What We Mean by Genetic Data: DNA and RNA
Part of the guided reading path: From DNA to Disease
This article is part of the Foundations of Genomic Data series.
What is meant by genetic data?
In biological research, genetic data usually refers to measurements derived from molecules involved in storing or expressing genetic information. Most often, this includes DNA and RNA.
Although closely related, DNA and RNA correspond to different aspects of biological systems. They are therefore measured using different technologies and used to address different kinds of questions.
Clarifying this distinction helps frame later discussions about sequencing technologies, genotyping assays, and downstream analysis.
DNA and RNA as distinct biological layers
DNA encodes inherited genetic information. With limited exceptions, an individual’s DNA sequence remains stable across cells and over time. Variation at the DNA level captures differences such as single-nucleotide changes and larger structural alterations.
RNA reflects gene expression. RNA molecules are transcribed from DNA, and their abundance varies across tissues, cell types, developmental stages, and environmental conditions. RNA measurements therefore provide a snapshot of cellular activity under specific conditions.
One way to think about the distinction is that DNA constrains what is possible, while RNA reflects which possibilities are realized in a given context.
Because these layers capture different signals, neither is sufficient on its own for most biological questions.
Why multiple measurement approaches exist
There is no single method that captures all aspects of genetic information.
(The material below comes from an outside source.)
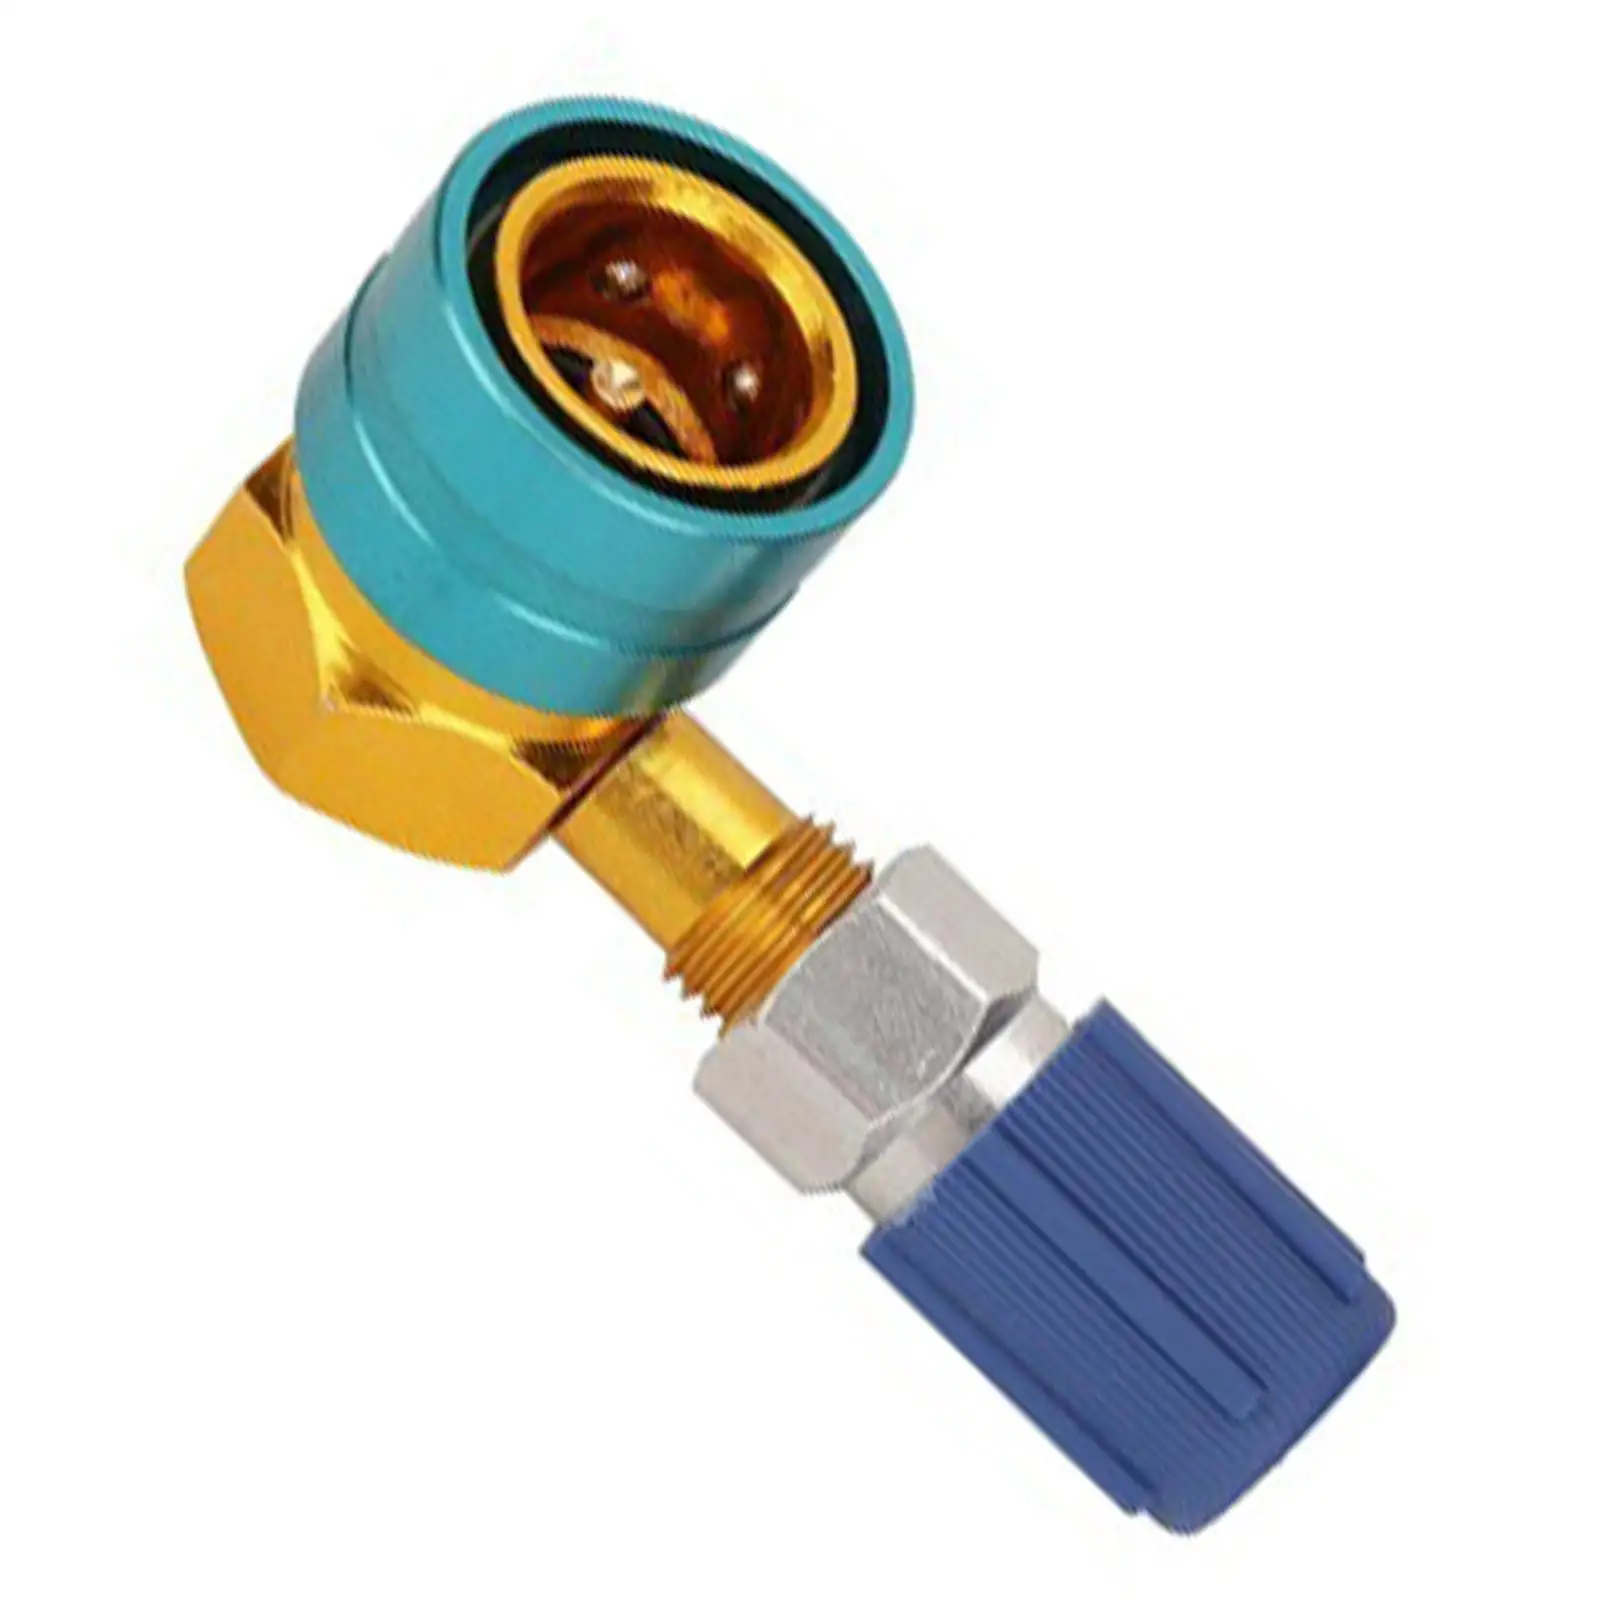 AC R134A R1234yf Quick Coupler Adapter 90 Degrees for AC Refrigerant Charging Easy Installation Stable Performance Quality

Different research goals require access to different biological layers.
Studies focused on inherited risk emphasize DNA variation, while studies of cellular response, development, or disease progression often rely on RNA-based measurements.
In practice, genetic data technologies fall into a few broad categories:
Methods that read DNA sequence. Methods that quantify RNA abundance. Methods that assay selected genetic variants without sequencing entire genomes.
Each approach involves tradeoffs among resolution, cost, scale, and interpretability.
Sequencing and targeted measurement
DNA and RNA sequencing are often discussed together, but they serve different purposes.
DNA sequencing reads the underlying genetic sequence and is well suited for identifying variants, rare mutations, and structural changes.
RNA sequencing measures transcripts derived from DNA and provides quantitative information about gene expression and splicing. It does not directly capture most inherited genetic variation.
Genotyping arrays form a third category. Rather than sequencing, they measure predefined variants across the genome. While limited in scope, they scale efficiently to large populations and are widely used in association studies.
Why these distinctions matter
Confusion can arise when different data types are treated as interchangeable. In practice, they address different questions.
DNA-based data supports inference about inherited differences. RNA-based data informs functional activity. Genotyping enables population-scale analysis.
Choosing among these data types shapes what kinds of biological conclusions can reasonably be drawn.
Looking ahead
Later posts in this series examine DNA sequencing, RNA sequencing, and genotyping in more detail, followed by discussions of how these data types are combined in integrative analyses.
Understanding what genetic data represents provides context for all of these approaches.